**Instructions to follow**. All lines from the one bearing "Shinova Ecrã Táctil" through the end of the data below must be printed exactly as they stand, with pictures removed.

### Data extract ###

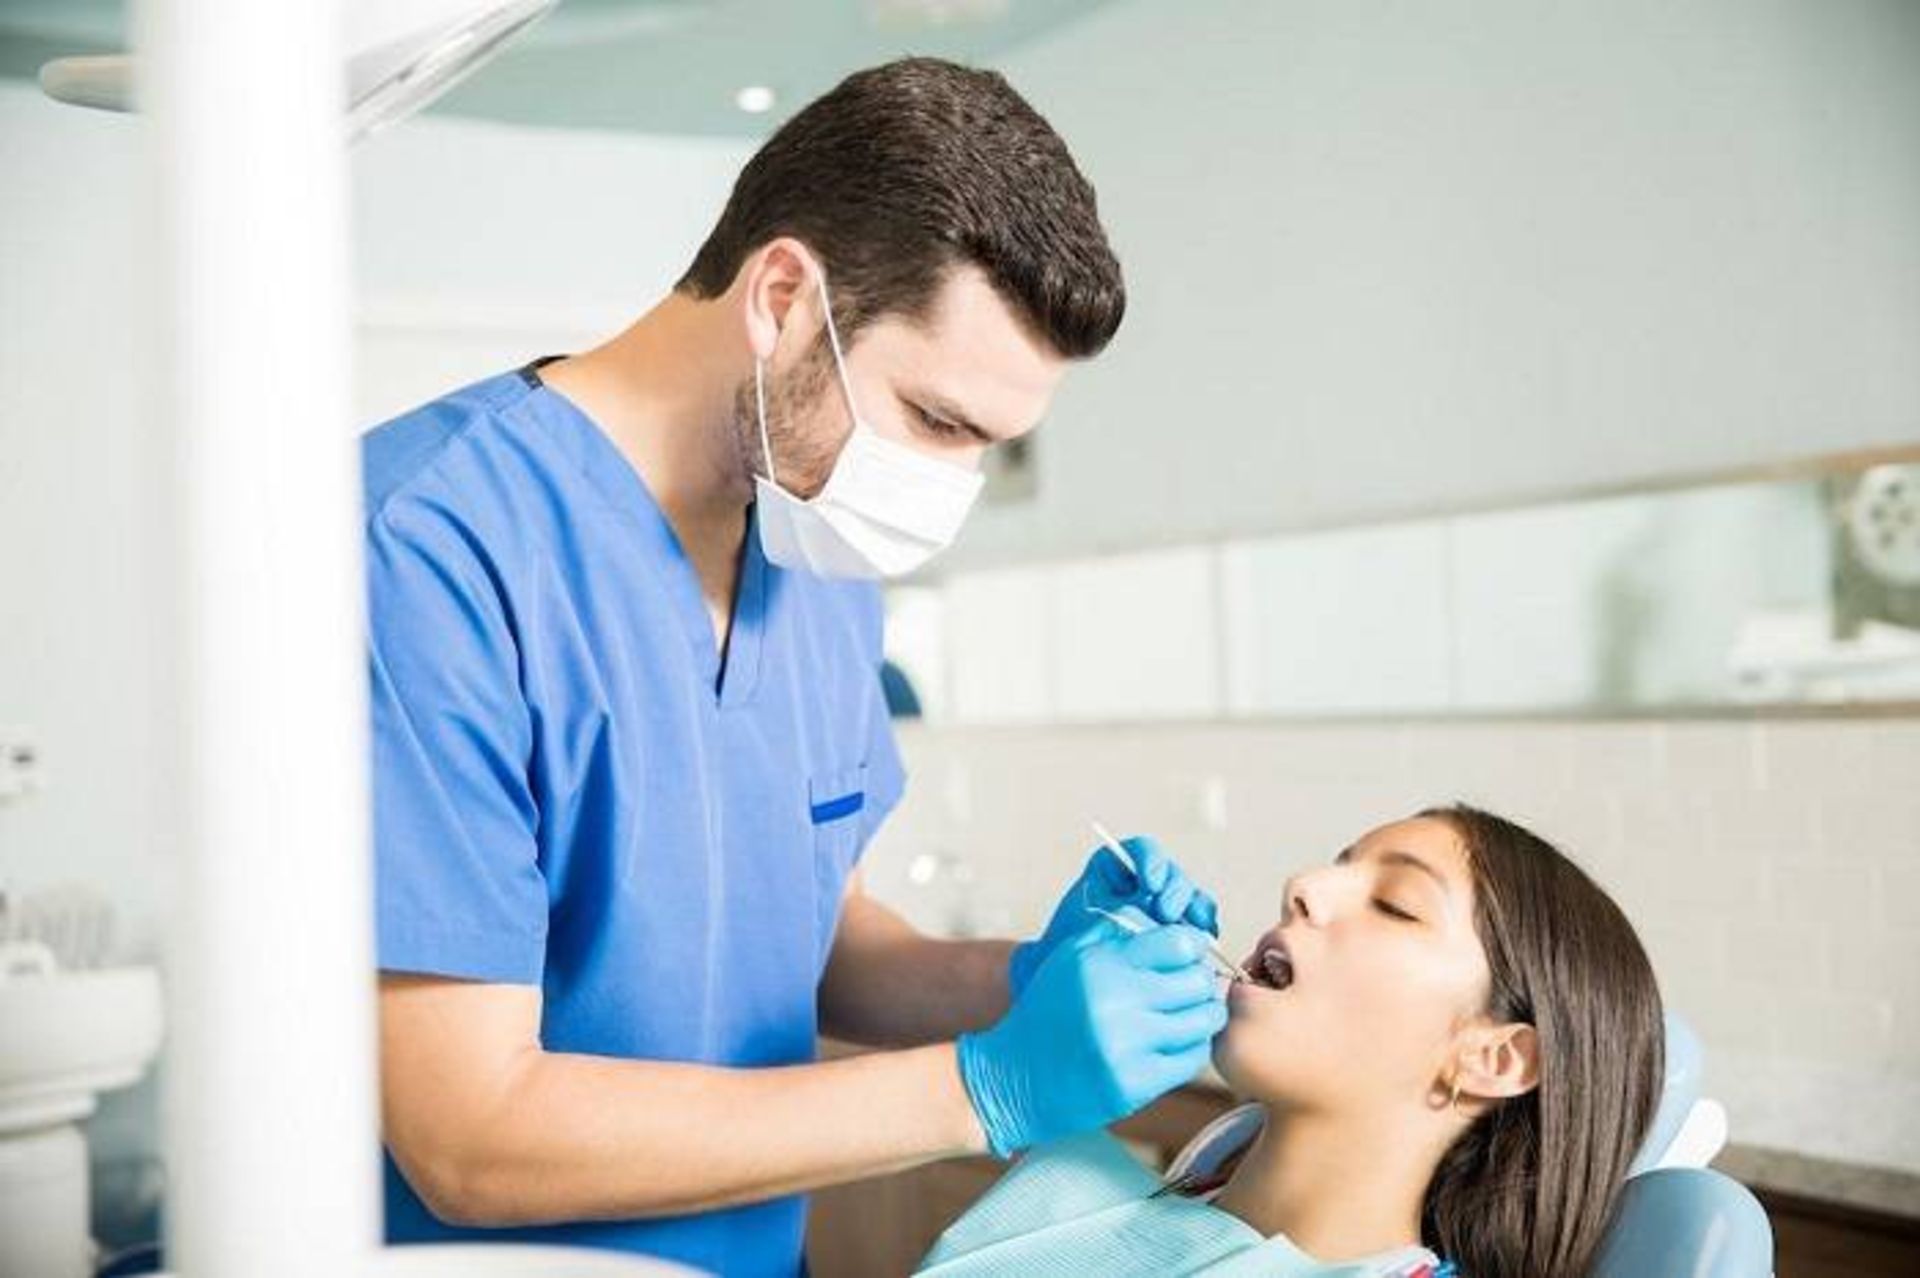 دندانپزشک / dentist
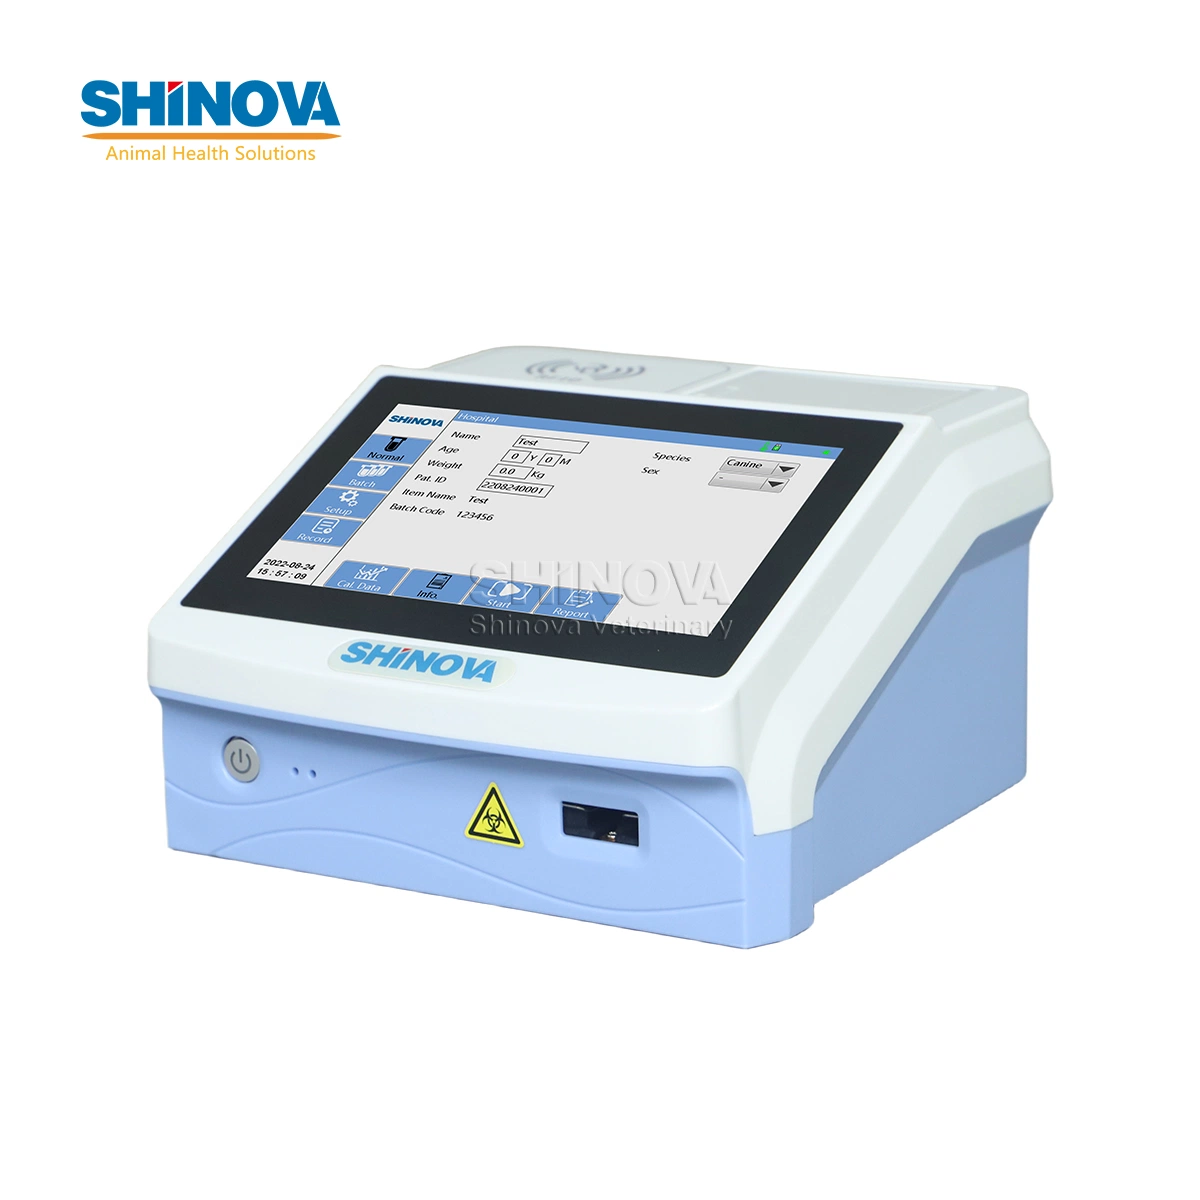 Shinova Ecrã Táctil Veterinary Fluorescence Immunoassay Analyzer Inmunofluorescência veterinária quantitativa Analisador (FQ-100)
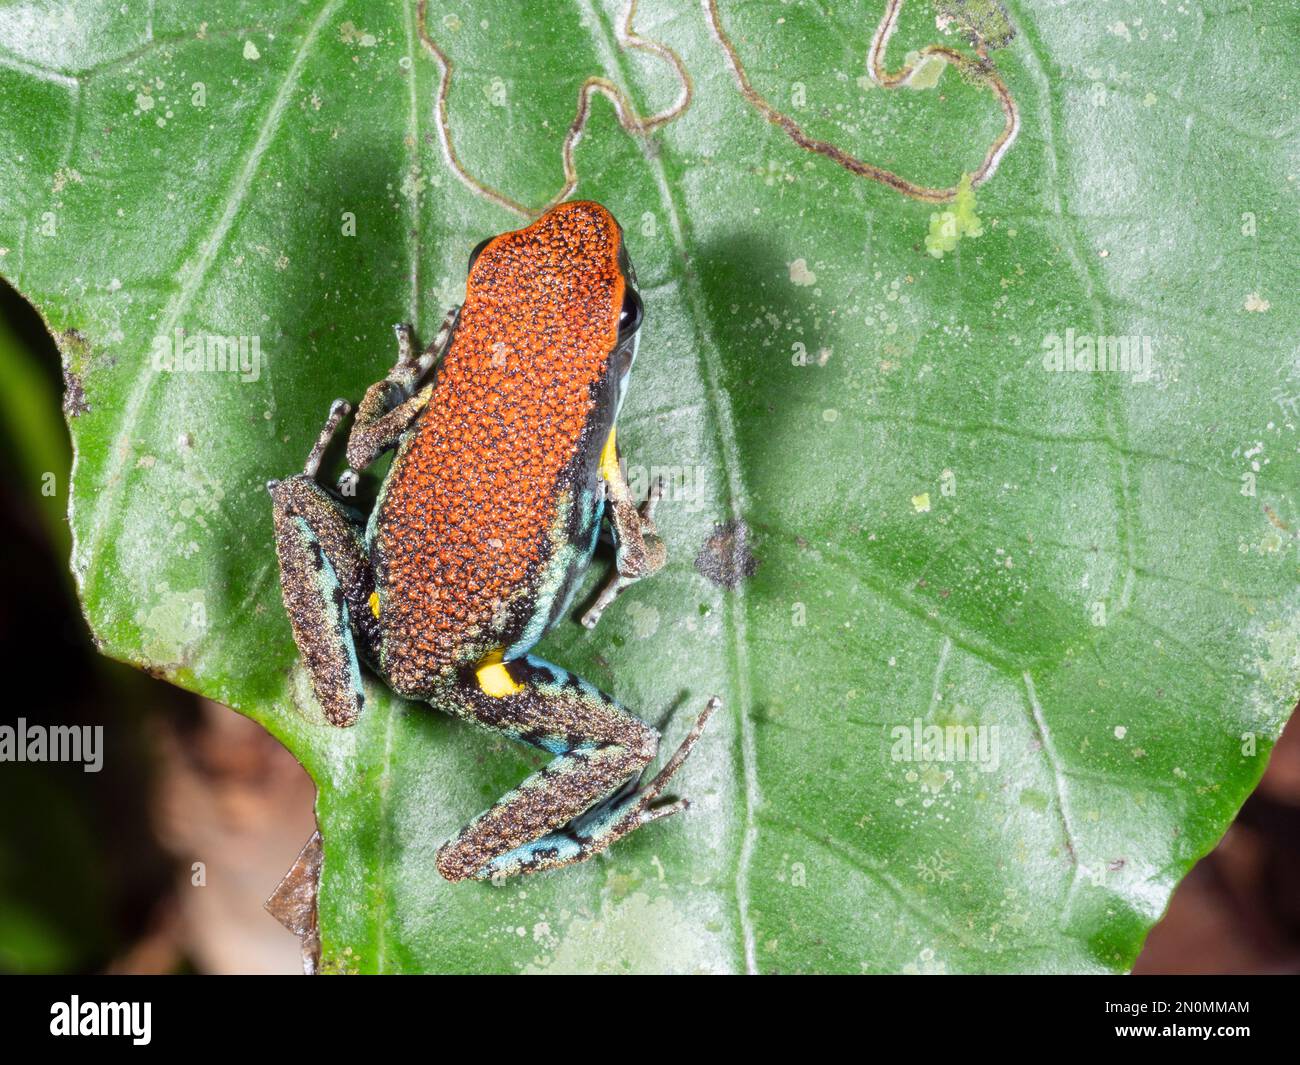 Ecuadorian poison frog (Ameerega bilinguis) In tropical rainforest in the Ecuadorian Amazon. Stock Photo
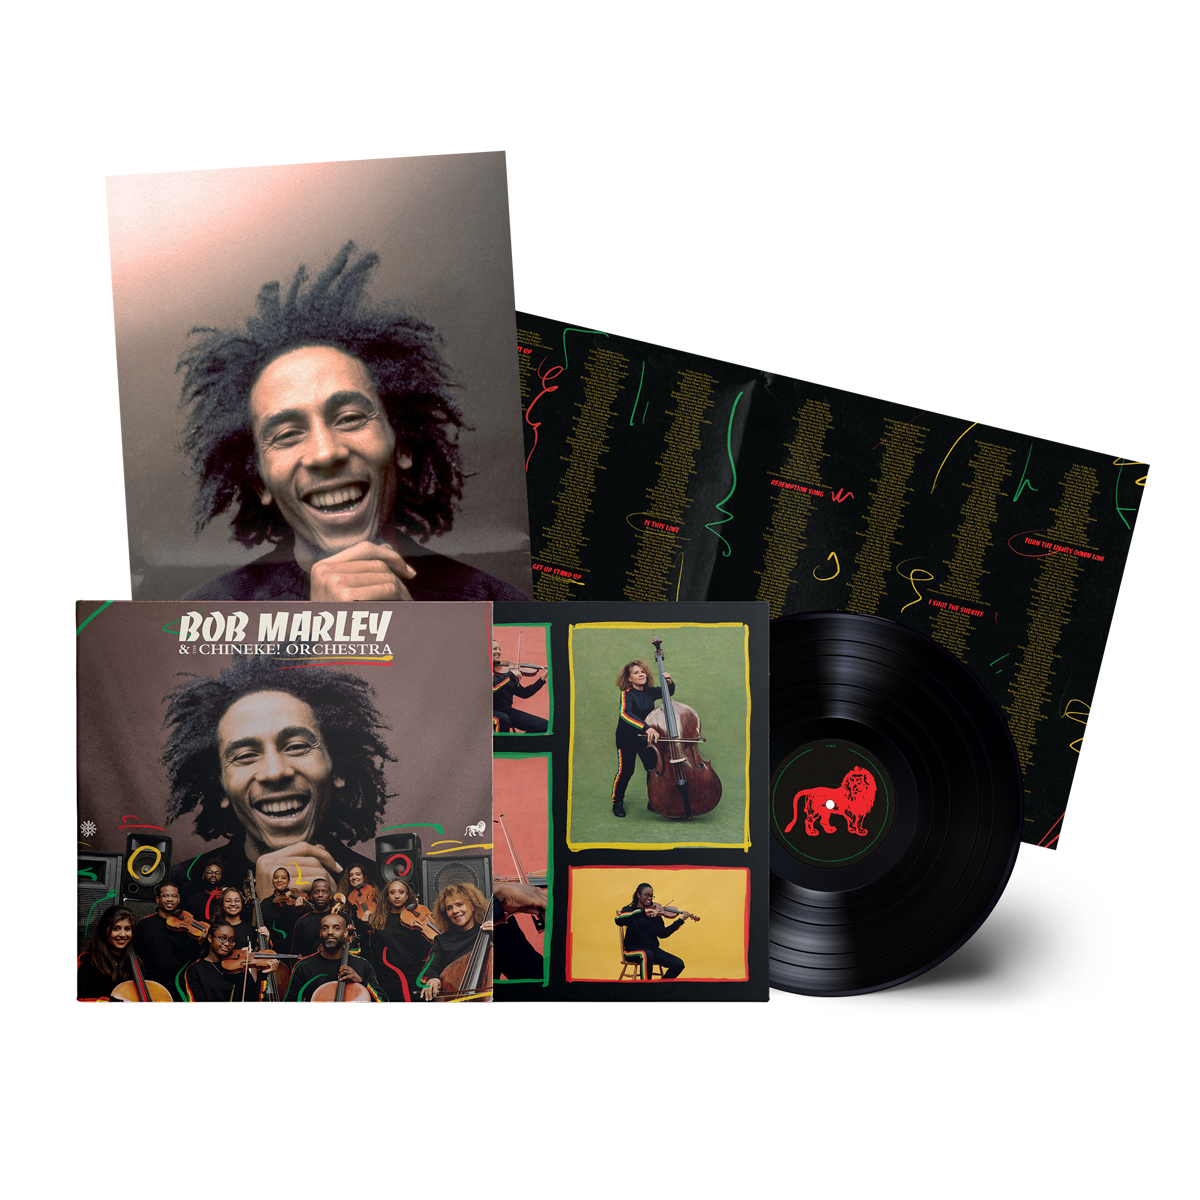 Bob Marley & The Wailers, Chineke! Orchestra - Bob Marley and the Chineke! Orchestra: Vinyl LP

###

**Exercise solution**.
 Shinova Ecrã Táctil Veterinary Fluorescence Immunoassay Analyzer Inmunofluorescência veterinária quantitativa Analisador (FQ-100)
 Ecuadorian poison frog (Ameerega bilinguis) In tropical rainforest in the Ecuadorian Amazon. Stock Photo
 Bob Marley & The Wailers, Chineke! Orchestra - Bob Marley and the Chineke! Orchestra: Vinyl LP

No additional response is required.